Although among contributing authors, 40% reside in disease-endemic countries (in Africa, Asia, and South America), only 10% are from an African institution. Given the disproportionate impact of neglected tropical diseases in Africa and the excellent work that goes on in many institutions from that continent, we hope to encourage greater participation from scientists that reside where public-health–related improvements are most needed.
An important deterrent to greater submissions from disease-endemic countries is the scarcity of information available to young researchers on the publication enterprise, from the crafting of a manuscript to the submission process. Conversations I have had with my collaborators in Africa have made me realize that many students and junior scientists are unaware of the various editorial and technical support systems available to young authors these days. To bring more transparency to the publication process, we at PLoS Neglected Tropical Diseases are eager to reach out to scientists all over the world about this process and convey the importance of publishing their data to promote the global scientific progress.

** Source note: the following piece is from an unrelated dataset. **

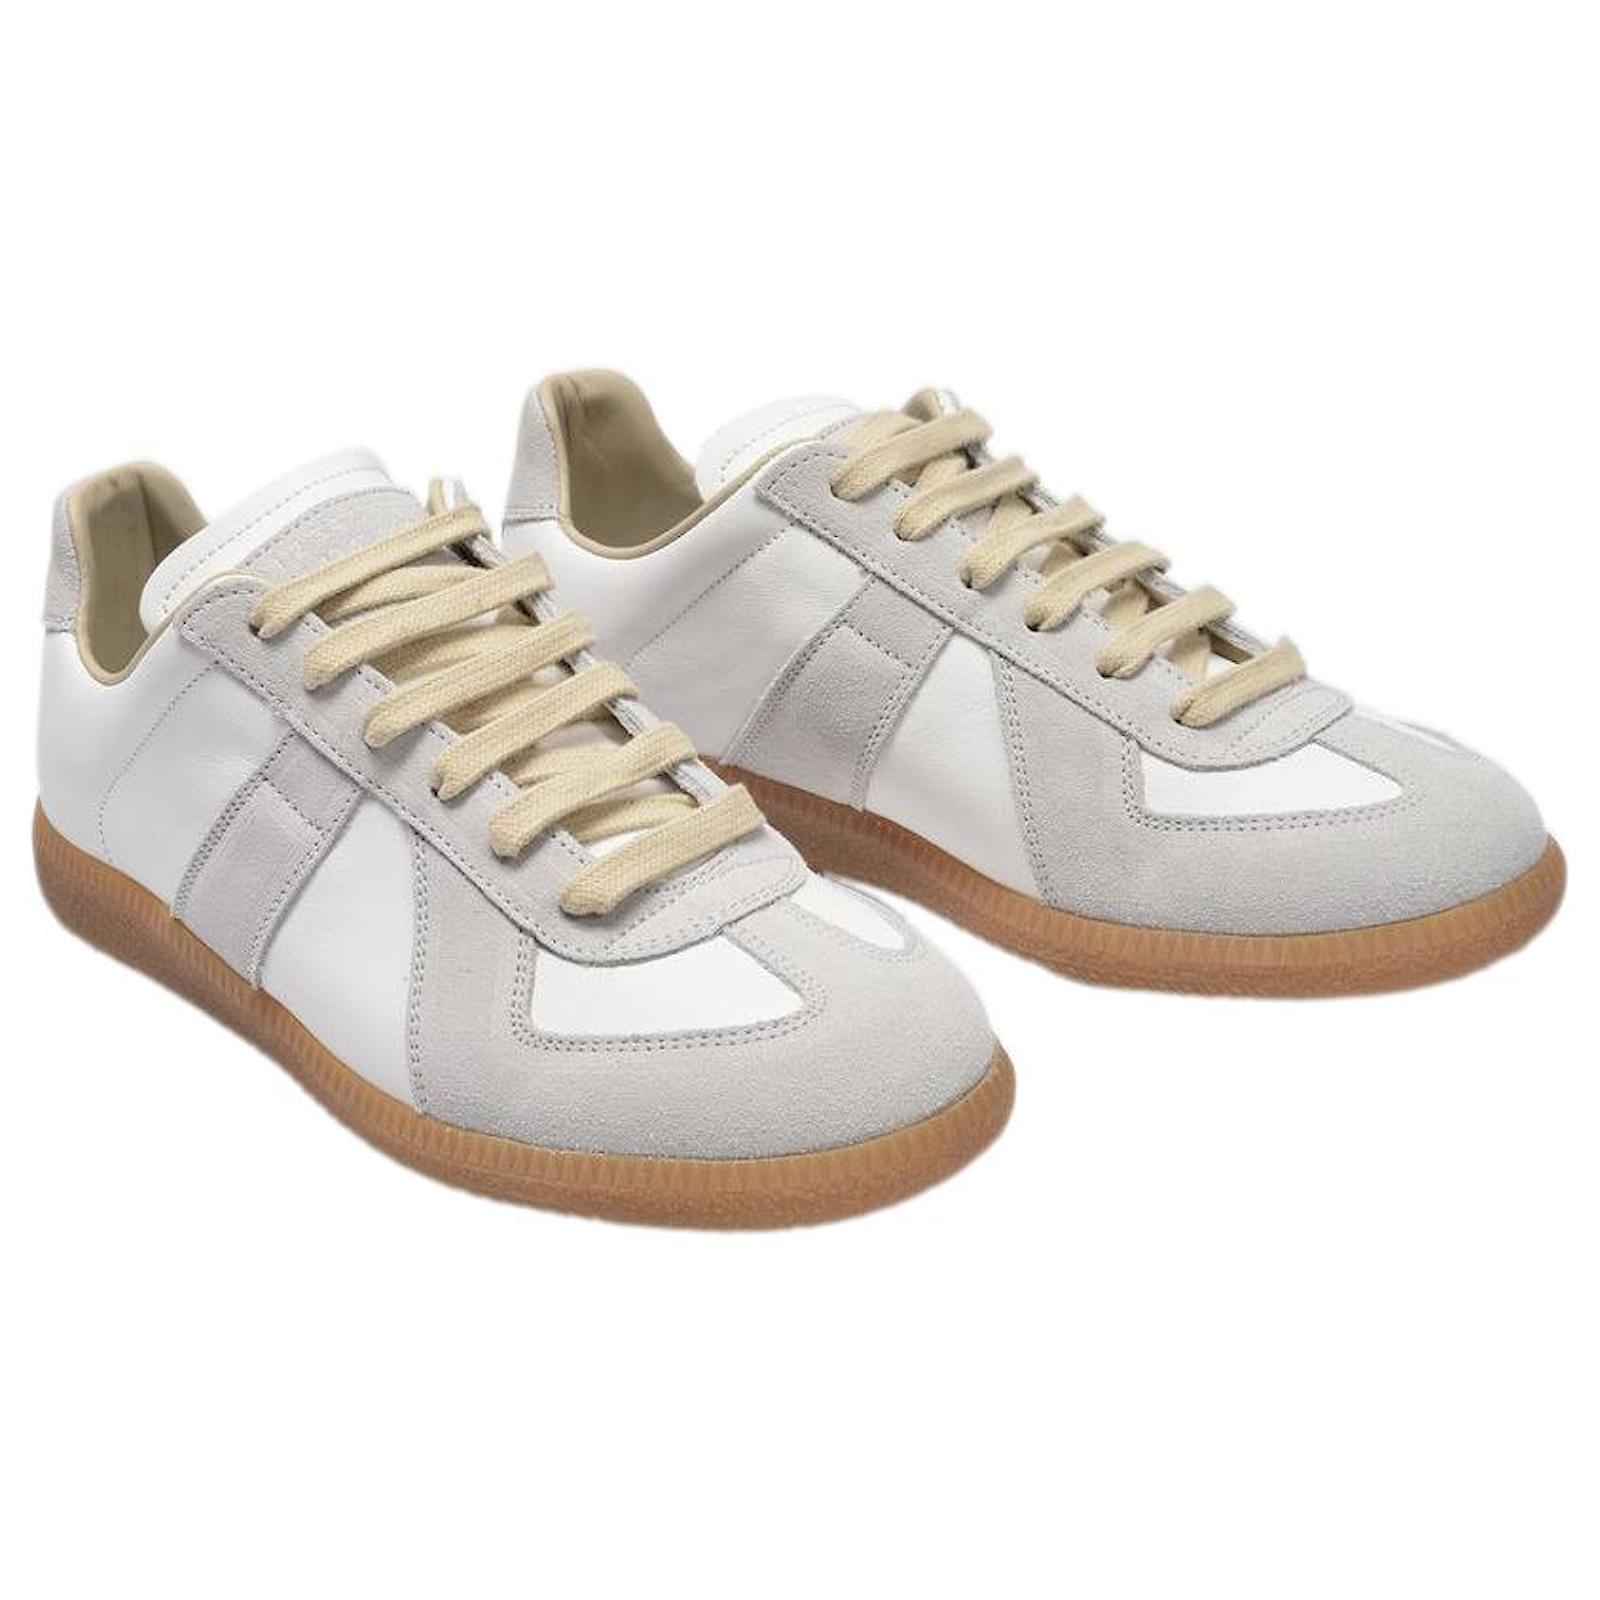 Maison Martin Margiela Replica Sneakers in Brown Leather White ref ...

On our Web site (http://www.plosntds.org/static/downloads.action), you will find a copy of a recent presentation on a Manuscript Writing Workshop I recently held. This presentation discusses how to avoid some of the most common mistakes that result in rejection of manuscripts. It also gives some tips on effective writing skills and the scientific format we follow for research articles. In addition, it provides information—especially aimed at junior scientists—on the various editorial resources available to help improve manuscript writing skills. Our take-home message is that if you are addressing an important question, if you have used the correct methodology to analyze your data, and if you are succinctly and clearly conveying your findings, you can be confident that your manuscript will be seriously considered for publication. We look forward to reviewing your work!
The author has declared that no competing interests exist.
No specific funding was received for this work.